Ну, скажем, вопросы происхождения.
Станислав Лем всю жизнь считал себя поляком, хотя предками его были евреи.
Жизнь в оккупации лишила писателя многих иллюзий, по крайней мере он на собственной шкуре узнал, что такое не быть арийцем.
«Я ничего раньше не знал об иудейской религии, — писал Лем в эссе «Моя жизнь». — О еврейской культуре я, к сожалению, тоже совсем ничего не знал. Собственно, лишь нацистское законодательство просветило меня насчёт того, какая кровь течёт в моих жилах». Позже, в письме американскому переводчику Майклу Канделю (от 6 мая 1977 года), Лем прямо признавался в своём еврействе, называл себя евреем.
«Немцы (тут не обойтись без банальностей), — писал он Канделю, — были методичны, планомерны, исполняли приказы безличностно и вообще механистически. Они считали себя Высшей Расой, а нас, евреев, чем-то вроде Ungeziefer, паразитов, вредных насекомых, которых нужно уничтожать, букашек, таких хитрых, наделённых такой наглостью, что они, эти букашки, посмели, благодаря своей подлой мимикрии, принять сходство с Человеком прямо поразительное»{26}.
Антисемитизм и вообще насилие устрашали писателя.
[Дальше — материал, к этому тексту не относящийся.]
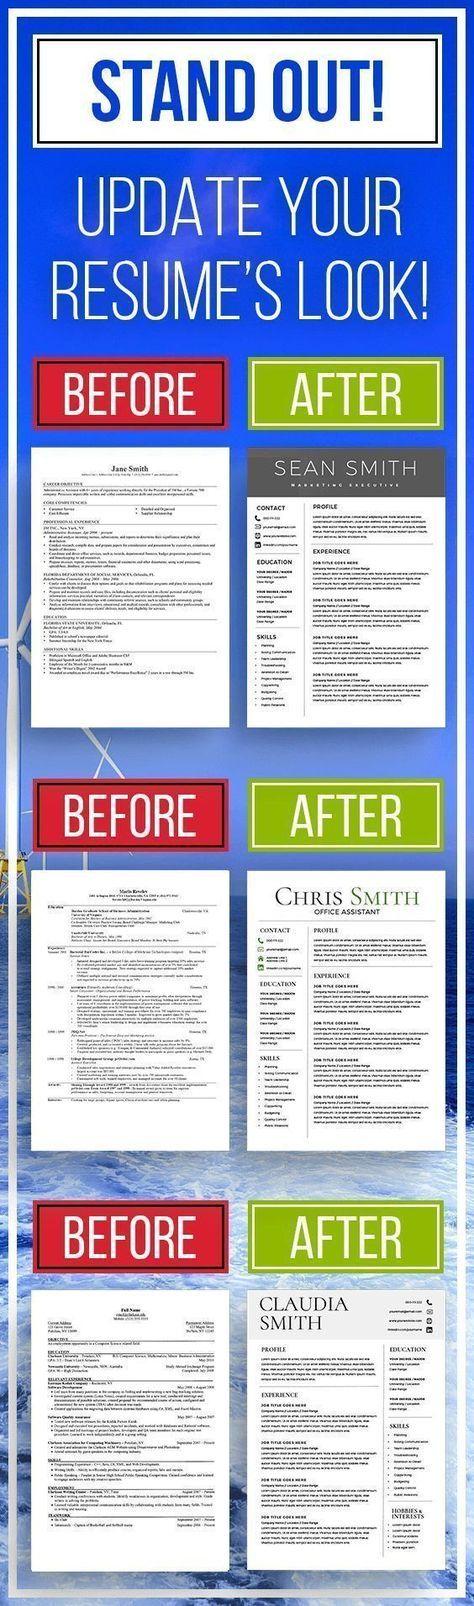 Best 25+ Upload cv ideas on Pinterest Green nature, Prayer plant - updating my resume

«Теперь, впрочем, — говорил он в одном из своих поздних интервью, — преимущественно среди молодого поколения антисемитами являются люди, которые в жизни ни одного еврея в глаза не видели. Может, в связи с этим они не проявляют столь людоедских позиций, как поколение их отцов. Кроме того, евреев у нас почти уже нет, хотя есть те, которые утверждают, что мы все евреи. У меня к этому такой же подход, как у дирижёра американского оркестра, к которому ни с того ни с сего обратился дирижёр советского оркестра. “У меня играет шесть евреев”, — сказал он. “А я не имею понятия, кто у меня играет, — ответил американец, — мне как-то не пришло в голову об этом спрашивать”»{27}.
4
5
«Из моей семьи мало кто уцелел, — вспоминал Станислав Лем. — Кроме отца и матери, только два кузена и одна дальняя родственница. А теперь вот один французский профессор в открытой печати утверждает, что немцы в оккупированной Польше вообще никого не убивали, что всё это — чистые домыслы. А известный учёный-лингвист Ноам Хомский берётся этого профессора защищать от нападок всяких там французских интеллектуалов, потому что, как говорит Хомский: как это всё там было, он, конечно, не знает, но свобода слова, а значит, свобода высказывания любых личных убеждений должна соблюдаться всегда! Цензура могла помешать французскому профессору распространять своё категорическое dementi[19] немецкого геноцида, но ведь любая цензура — это отвратительно! И вот я читаю о стычках и диспутах в немецкой прессе, и сквозь тон сконфуженности (всё же речь идёт о либеральных, прогрессивных газетах, таких как “Frankfurter Allgemeine” и “Süddeutsche Zeitung”) пробивается всё-таки некий старательно скрываемый отзвук удовлетворения. Возможно, это лишь моё, к тому же ошибочное впечатление, но в любом случае, видимо, не существует в мире такого большого и ужасного преступления, которого нельзя было бы однажды обелить, — причём тогда, когда ещё живы уцелевшие жертвы! Мой невозмутимый либерализм улетучивается, как камфора, при чтении подобных сообщений. Французский профессор, nota bene, конечно, не первый является с миссией полного оправдания немцев, но все такие попытки кажутся мне странным извращением. Наверное, всё, что находится в камерах и бараках Освенцима, этот профессор считает умышленно изготовленным реквизитом. Странно и то, что благородный защитник французского профессора, этот вот Ноам Хомский, — сам еврей по национальности. По правде сказать, я просто не знаю, что нужно делать в подобных случаях.